I got a output "myfile" from the orginal file 'results'. The quesion is I don't know how to get all rows that are not shown in output file, or i just want to do negative selection. I think there is a way to do that ,but I spent hours and still have no idea. My previous question was here:

Glyma.10G051100 Glyma.02G036000 89.91 228 23 0 1 228 1 228 1e-78 294
Glyma.10G051100 Glyma.09G023700 87.28 228 29 0 1 228 1 228 1e-68 261
Glyma.10G285200 Glyma.20G103800 96.33 1663 55 4 1 1657 1 1663 0.0 2728
Glyma.10G285200 Glyma.05G093700 95.02 321 16 0 406 726 1 321 8e-142 505
Glyma.10G212900 Glyma.17G186600 90.36 1338 129 0 1 1338 1 1338 0.0 1757
Glyma.10G212900 Glyma.05G089000 90.21 1338 131 0 1 1338 1 1338 0.0 1746
Glyma.10G212900 Glyma.16G068000 88.67 1341 146 5 1 1338 1 1338 0.0 1629
Glyma.10G212900 Glyma.19G052400 88.83 1325 148 0 1 1325 1 1325 0.0 1628
Glyma.10G212900 Glyma.05G114900 88.25 1328 156 0 1 1328 1 1328 0.0 1589
Glyma.10G212900 Glyma.19G078900 89.31 262 27 1 1074 1335 202 462 2e-88 327
Glyma.10G212900 Glyma.19G078900 89.71 204 21 0 790 993 1 204 2e-68 261
Glyma.10G296300 Glyma.20G246900 95.11 470 23 0 1 470 1 470 0.0 741
Glyma.10G296300 Glyma.20G246900 92.26 168 7 2 744 911 834 995 2e-60 233
Glyma.10G001700 Glyma.10G179600 83.45 701 113 1 44 741 50 750 0.0 649
Glyma.10G179600 Glyma.10G001700 83.45 701 113 1 50 750 44 741 0.0 649
Glyma.10G056500 Glyma.10G056300 89.27 261 24 2 41 300 61 318 4e-88 324
Glyma.10G056300 Glyma.10G056500 89.27 261 24 2 61 318 41 300 5e-88 324
Glyma.10G088600 Glyma.10G085100 97.13 522 15 0 1 522 1 522 0.0 881
Glyma.10G085100 Glyma.10G088600 97.13 522 15 0 1 522 1 522 0.0 881

Don_Cragun · April 3, 2017, 10:33pm

Try this slight modification to your previous script. It produces two output files. The matched pairs of input lines will be written to the file named matched and the remaining input lines will be written to the file named unmatched :

awk '
($1, $2) in x {
	print x[$1, $2] > "matched"
	print > "matched"
	delete x[$1, $2]
	next
}
{	x[$2, $1] = $0
}
END {	for(key in x)
		print x[key] > "unmatched"
}' results

As with the code before, if you want to try this on a Solaris/SunOS system, change awk to /usr/xpg4/bin/awk or nawk .
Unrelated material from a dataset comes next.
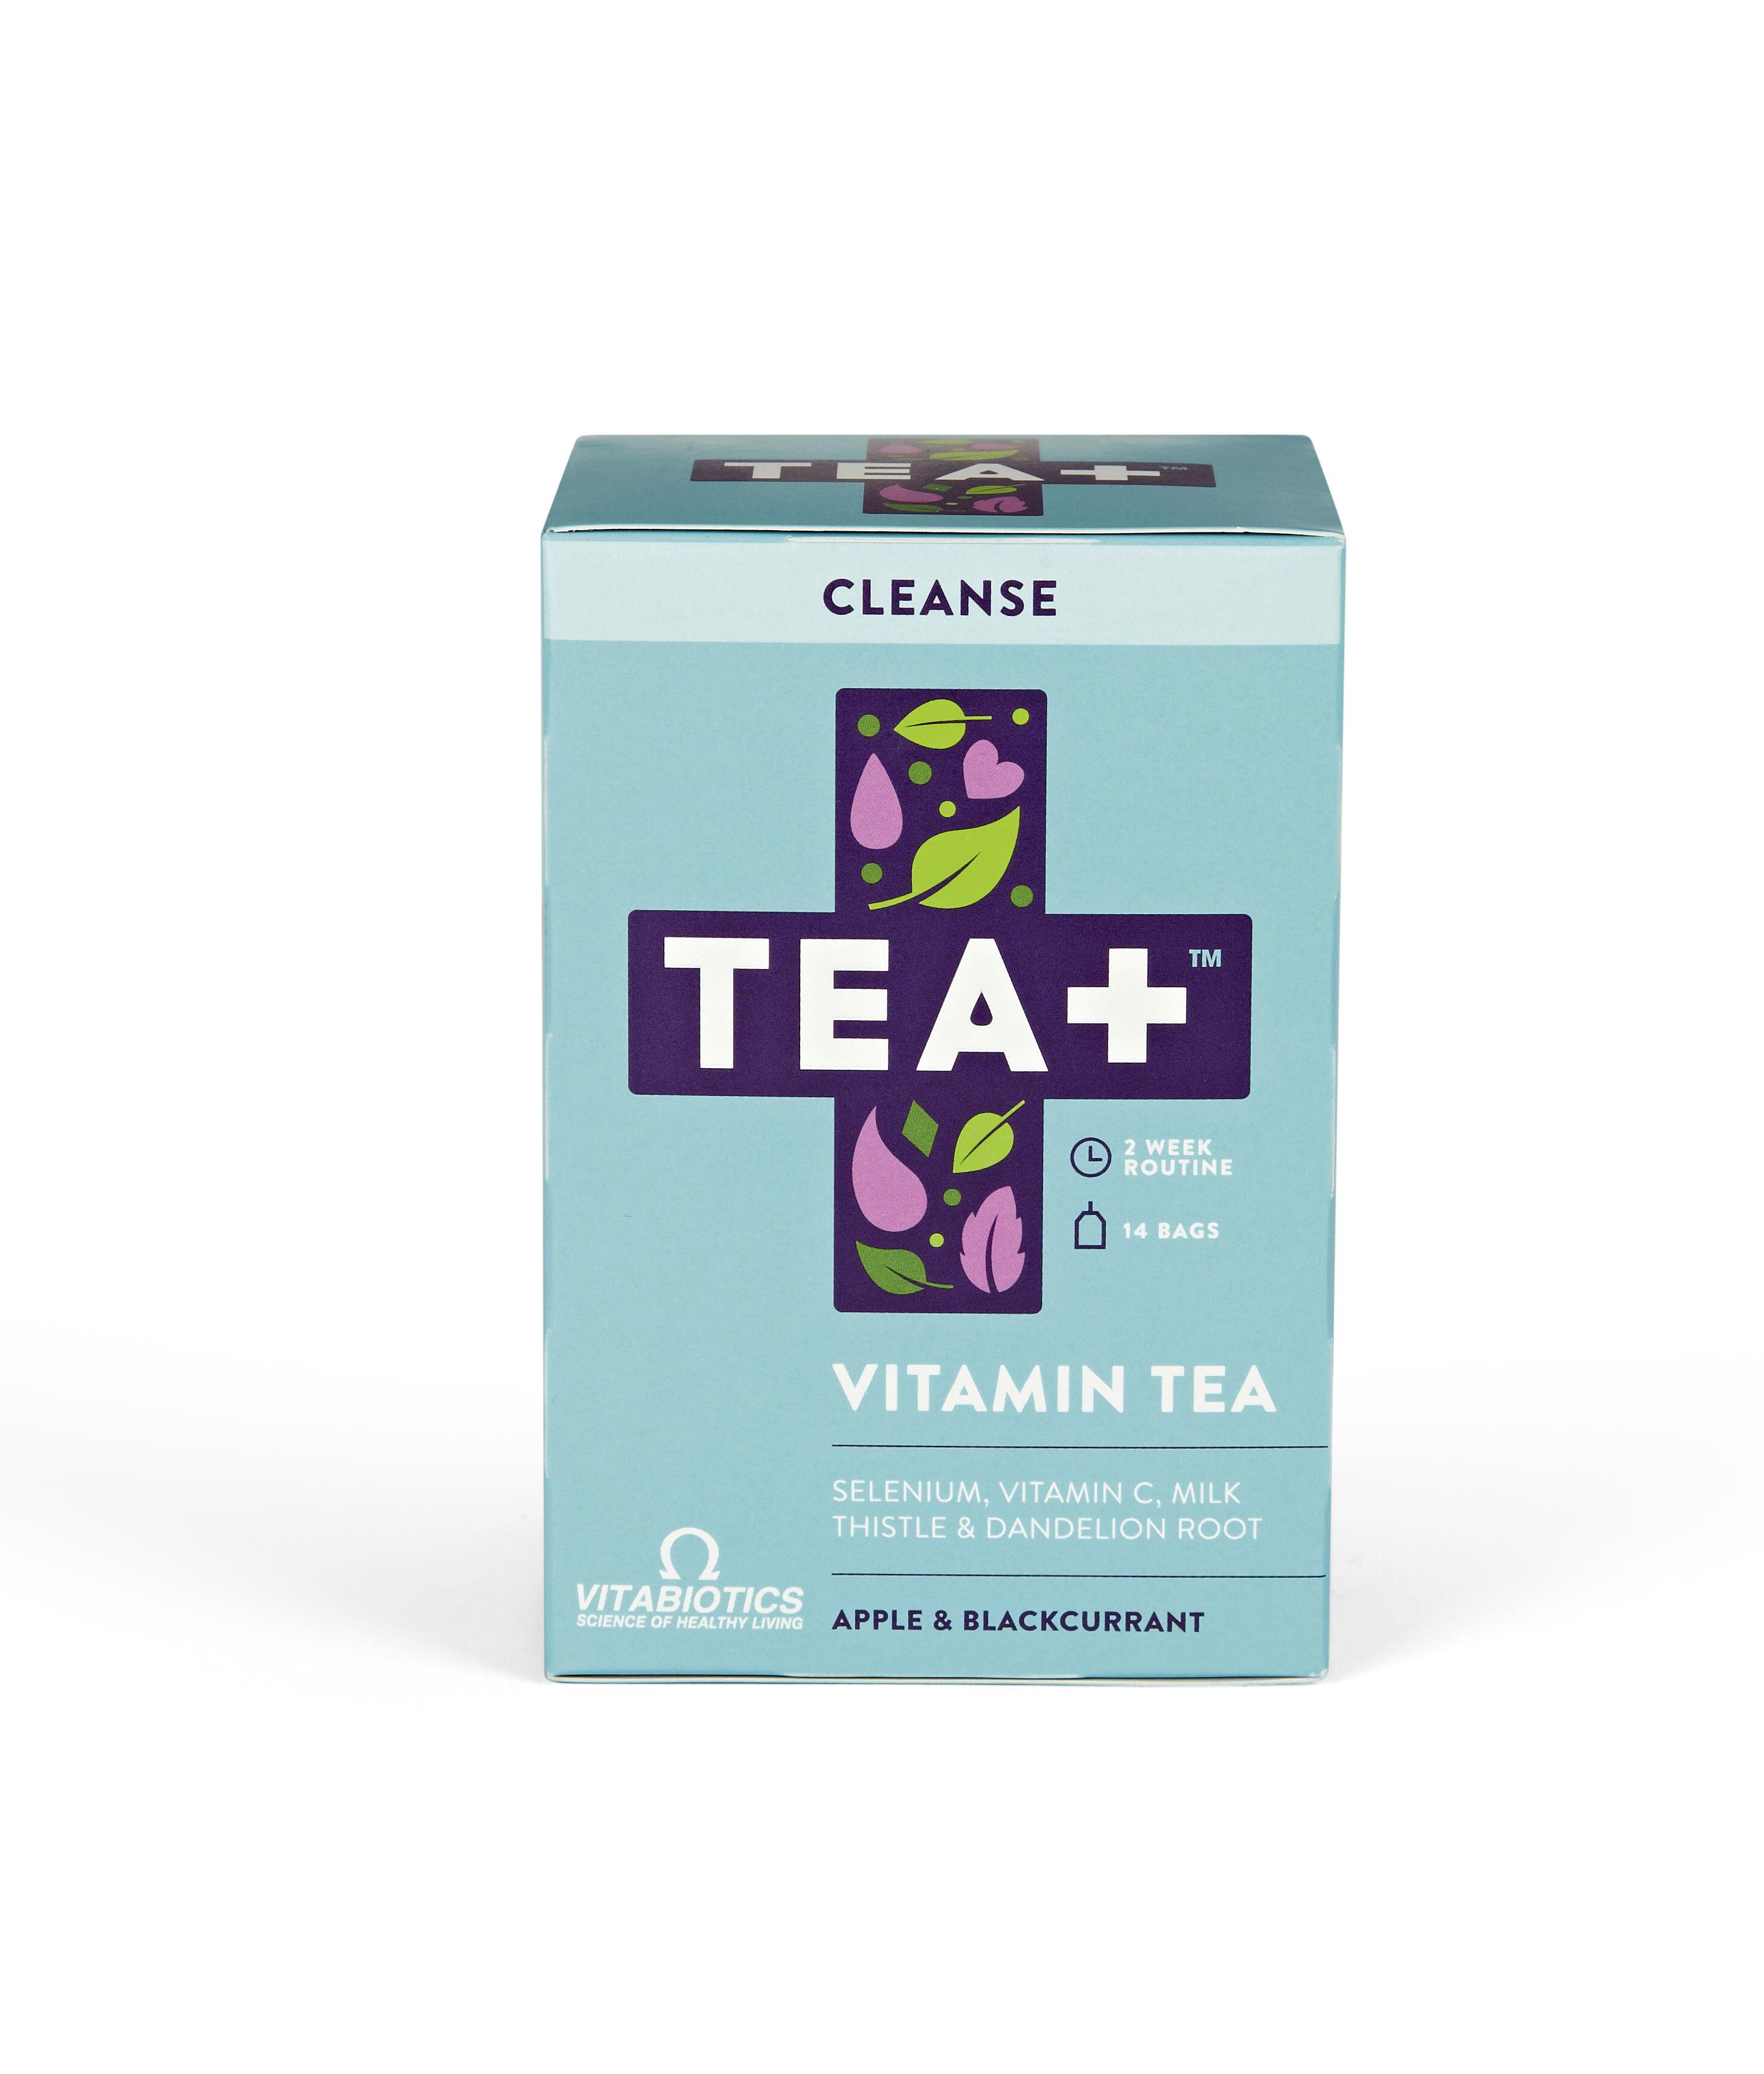 tea_cleanse_3d

nengcheng · April 4, 2017, 9:58am

don cragun:

Try this slight modification to your previous script. It produces two output files. The matched pairs of input lines will be written to the file named matched and the remaining input lines will be written to the file named unmatched :
awk '
($1, $2) in x {
   print x[$1, $2] > "matched"
   print > "matched"
   delete x[$1, $2]
   next
}
{    x[$2, $1] = $0
}
END {    for(key in x)
   print x[key] > "unmatched"
}' results
As with the code before, if you want to try this on a Solaris/SunOS system, change awk to /usr/xpg4/bin/awk or nawk .

Thank you for the information. The question is that the number of matched and unmatched lines are not equal to the total lines. I don't know where is wrong. I think the problem is that many A-B, B-A, pattern recurring many times but other values is different (in 3rd, 4th column etc). so the unmatched lines is significant lower than the rest of matched.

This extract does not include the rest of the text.